Exercise directions: When you reach the line containing "Project Chariot (1958)" in the entries below, start writing out each line exactly, and stop after the line containing "Схема разделения ржаной".

────────────────────

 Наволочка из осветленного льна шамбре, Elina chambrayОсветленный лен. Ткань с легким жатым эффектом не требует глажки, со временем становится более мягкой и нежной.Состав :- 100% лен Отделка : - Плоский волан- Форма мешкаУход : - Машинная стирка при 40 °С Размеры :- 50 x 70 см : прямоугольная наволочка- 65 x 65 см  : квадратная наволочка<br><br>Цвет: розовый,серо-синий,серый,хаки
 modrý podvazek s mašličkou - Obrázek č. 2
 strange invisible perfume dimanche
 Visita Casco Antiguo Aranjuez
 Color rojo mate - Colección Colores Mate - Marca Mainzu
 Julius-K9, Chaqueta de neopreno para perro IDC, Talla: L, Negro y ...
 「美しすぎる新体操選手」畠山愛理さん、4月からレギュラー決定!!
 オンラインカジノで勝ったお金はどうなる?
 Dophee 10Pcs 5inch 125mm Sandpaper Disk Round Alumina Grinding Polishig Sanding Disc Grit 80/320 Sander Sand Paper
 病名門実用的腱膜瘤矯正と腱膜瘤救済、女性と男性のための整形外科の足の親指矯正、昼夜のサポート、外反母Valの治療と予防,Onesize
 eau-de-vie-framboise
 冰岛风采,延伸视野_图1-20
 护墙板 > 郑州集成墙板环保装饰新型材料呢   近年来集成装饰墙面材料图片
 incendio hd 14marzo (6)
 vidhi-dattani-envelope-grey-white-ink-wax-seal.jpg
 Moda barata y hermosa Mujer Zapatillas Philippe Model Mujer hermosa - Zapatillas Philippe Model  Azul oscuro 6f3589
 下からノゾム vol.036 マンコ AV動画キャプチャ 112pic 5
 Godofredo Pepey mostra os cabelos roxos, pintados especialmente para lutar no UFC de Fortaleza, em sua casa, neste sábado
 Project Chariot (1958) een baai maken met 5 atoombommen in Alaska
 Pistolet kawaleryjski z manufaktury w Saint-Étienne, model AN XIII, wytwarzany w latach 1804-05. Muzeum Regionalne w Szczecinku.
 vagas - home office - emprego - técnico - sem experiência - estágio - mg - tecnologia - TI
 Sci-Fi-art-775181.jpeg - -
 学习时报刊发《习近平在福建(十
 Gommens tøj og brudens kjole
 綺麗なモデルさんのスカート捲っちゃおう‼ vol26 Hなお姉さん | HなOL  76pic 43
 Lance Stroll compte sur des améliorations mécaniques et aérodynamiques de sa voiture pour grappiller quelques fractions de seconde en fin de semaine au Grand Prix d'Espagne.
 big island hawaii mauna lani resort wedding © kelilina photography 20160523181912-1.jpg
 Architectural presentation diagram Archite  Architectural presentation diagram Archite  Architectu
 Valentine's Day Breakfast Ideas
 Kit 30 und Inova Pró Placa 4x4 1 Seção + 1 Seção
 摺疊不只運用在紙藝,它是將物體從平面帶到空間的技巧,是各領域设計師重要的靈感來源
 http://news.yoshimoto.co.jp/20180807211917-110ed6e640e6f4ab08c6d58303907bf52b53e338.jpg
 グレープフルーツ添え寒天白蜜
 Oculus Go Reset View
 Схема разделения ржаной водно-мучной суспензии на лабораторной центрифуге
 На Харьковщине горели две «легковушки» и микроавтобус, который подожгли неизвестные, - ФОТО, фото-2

────────────────────

Response area:
 Project Chariot (1958) een baai maken met 5 atoombommen in Alaska
 Pistolet kawaleryjski z manufaktury w Saint-Étienne, model AN XIII, wytwarzany w latach 1804-05. Muzeum Regionalne w Szczecinku.
 vagas - home office - emprego - técnico - sem experiência - estágio - mg - tecnologia - TI
 Sci-Fi-art-775181.jpeg - -
 学习时报刊发《习近平在福建(十
 Gommens tøj og brudens kjole
 綺麗なモデルさんのスカート捲っちゃおう‼ vol26 Hなお姉さん | HなOL  76pic 43
 Lance Stroll compte sur des améliorations mécaniques et aérodynamiques de sa voiture pour grappiller quelques fractions de seconde en fin de semaine au Grand Prix d'Espagne.
 big island hawaii mauna lani resort wedding © kelilina photography 20160523181912-1.jpg
 Architectural presentation diagram Archite  Architectural presentation diagram Archite  Architectu
 Valentine's Day Breakfast Ideas
 Kit 30 und Inova Pró Placa 4x4 1 Seção + 1 Seção
 摺疊不只運用在紙藝,它是將物體從平面帶到空間的技巧,是各領域设計師重要的靈感來源
 http://news.yoshimoto.co.jp/20180807211917-110ed6e640e6f4ab08c6d58303907bf52b53e338.jpg
 グレープフルーツ添え寒天白蜜
 Oculus Go Reset View
 Схема разделения ржаной водно-мучной суспензии на лабораторной центрифуге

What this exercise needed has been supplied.